Messages sorted by: [ date ] [ thread ] [ subject ] [ author ] [ attachment ]
Mail actions: [ respond to this message ] [ mail a new topic ]

This really isn't the forum to discuss all these issues (which really
belong in the realm of the UTC per se), but...

> What about asking the users (i.e. developers) whether they'd like to
> see a redesign of the UCD data files. I find the current structure a
> real PITA. Why not simply create one data file for each property
> and in the header of each data file a description of that property.
> I vote YES.

Do *you* know how many properties there are? I sure don't. The UTC
is arguing the edge cases all the time. And while it may seem
obvious, in many cases it isn't. Even if the approximately 80 some
properties extractable from PropertyAliases.txt could all be
unambiguously identified, there are another 80 or so lurking
in Unihan.txt, with all different statuses.

> You could even create a double set of data files: a new reorganized
> set of data files, and a set for backwards compatibility (extracted
> from the new set).

Yep, but that creates another mountain of maintenance work for
each release.

> Suppose a new binary
> property Pattern_Filename (whatever) is invented and data added to
> PropList.txt. Now I'm not interested in using the new property in my
> software, but I still need to adapt my PropList.txt parser in order
> to cope with the added property. If on the other hand the data for
> the new property had been put in a new property specific file, I
> wouldn't have to change my code at all!

You can't know that, actually, because a priori you can't predict
what kinds of properties might be defined and whether they would
fit into some neat category that your parser was already handling.

> Also parsers would be much
> simpler and it would therefore be easier to add a new parser for
> a new property. One could even create parsers mechanically.

If you think every character property is simply another binary
property, then sure.... but it ain't that easy, I assure you.

>
> If we look at the future, say in ten or twenty years time, do you or
> the Unicode organization believe the UCD data files will still be
> excactly structured/formatted as they are now?

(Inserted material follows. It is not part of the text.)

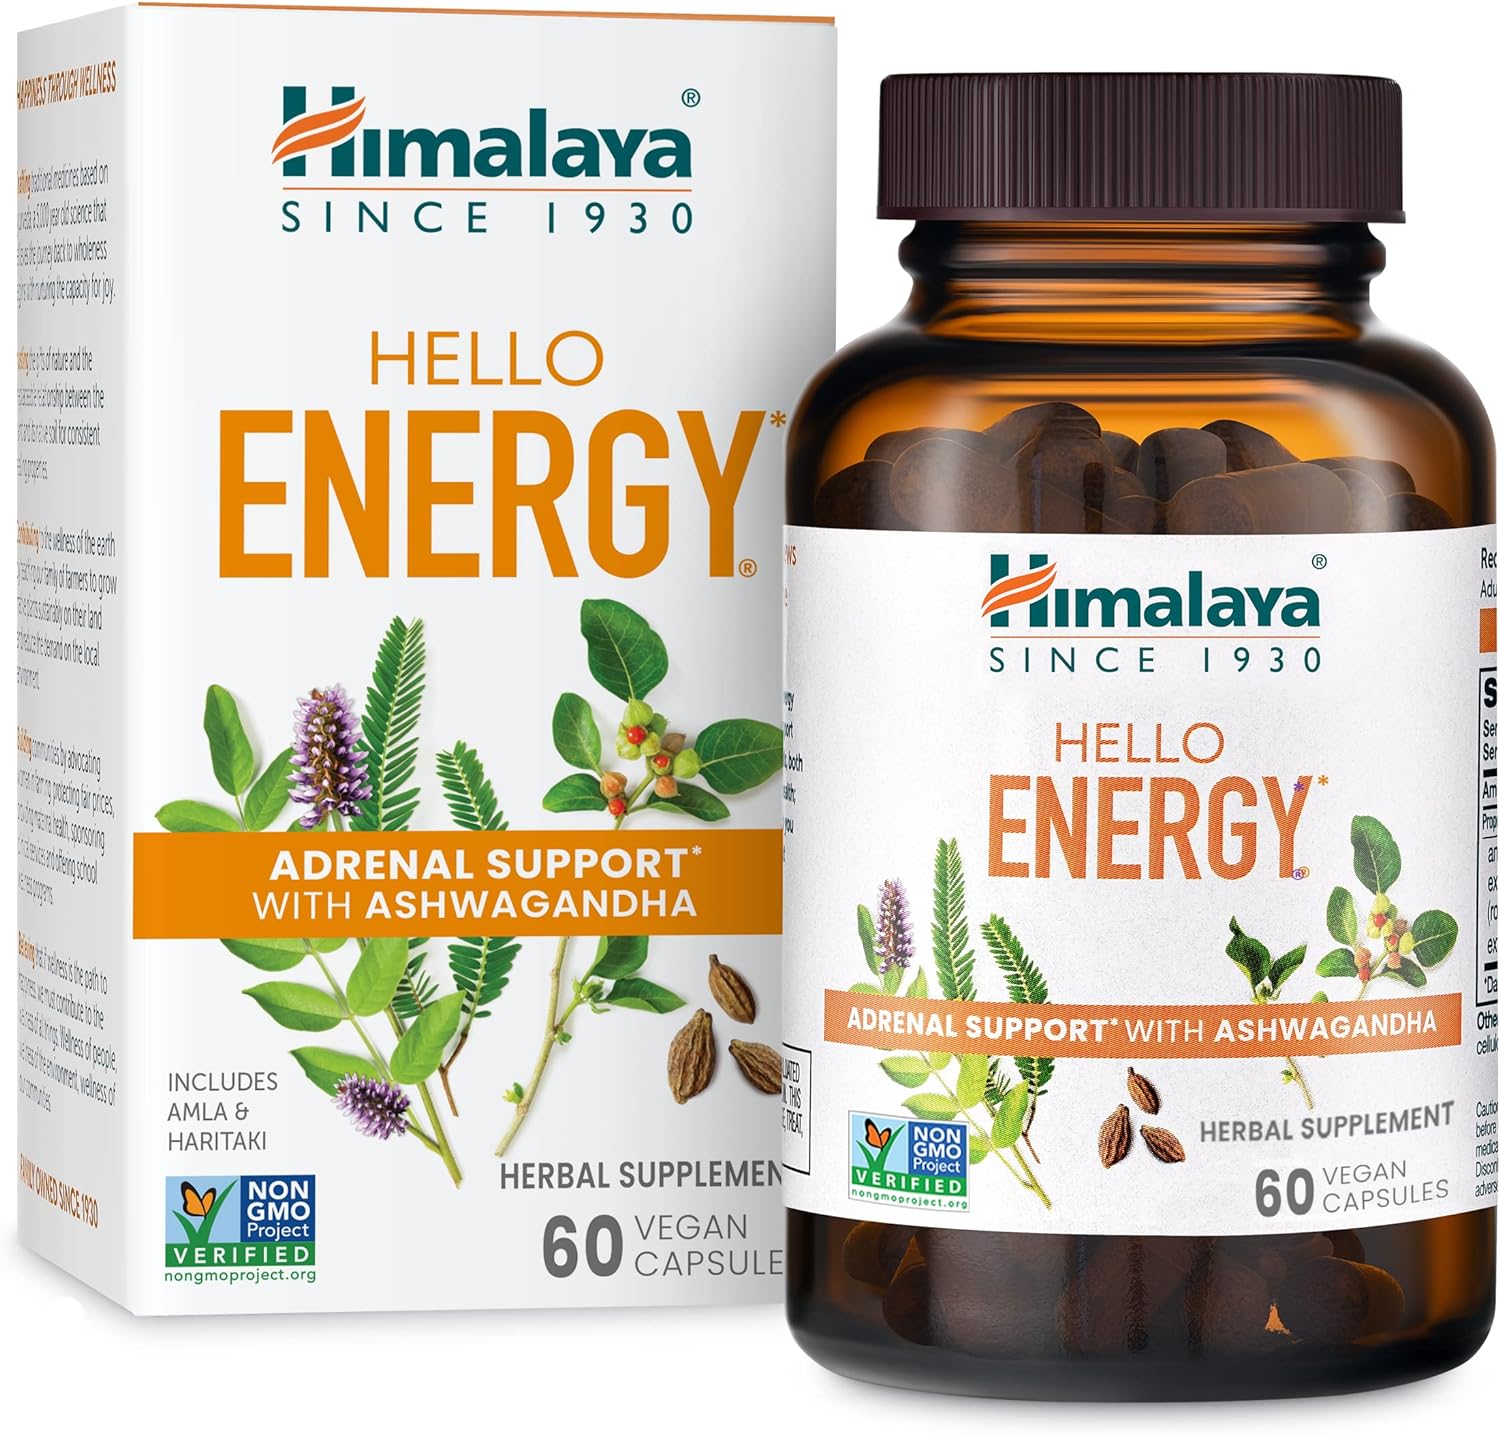 Himalaya Hello Energy Herbal Supplement with Ashwagandha, Amla, Harita

Actually, no. There is a substantial effort underway to create
a complete XML description of the character properties. It is
almost complete for the non-Unihan part of the problem, but the
effort has turned up some of the problems I have been alluding
to. And even when a candidate XML description is in place, it
still needs to be verified by putting in place the scripts that
will guarantee that the XML description is equivalent to the
existing hodgepodge of definition files.

--Ken

>
> Best regards,
> Theo
>
>
>
>
>

Next message: Richard Wordingham: "Re: UnicodeData.txt problem"
Previous message: Tom Emerson: "Re: UnicodeData.txt problem"
Maybe in reply to: Werner LEMBERG: "UnicodeData.txt problem"
Next in thread: Theo Veenker: "Re: UnicodeData.txt problem"
Reply: Theo Veenker: "Re: UnicodeData.txt problem"
Messages sorted by: [ date ] [ thread ] [ subject ] [ author ] [ attachment ]
Mail actions: [ respond to this message ] [ mail a new topic ]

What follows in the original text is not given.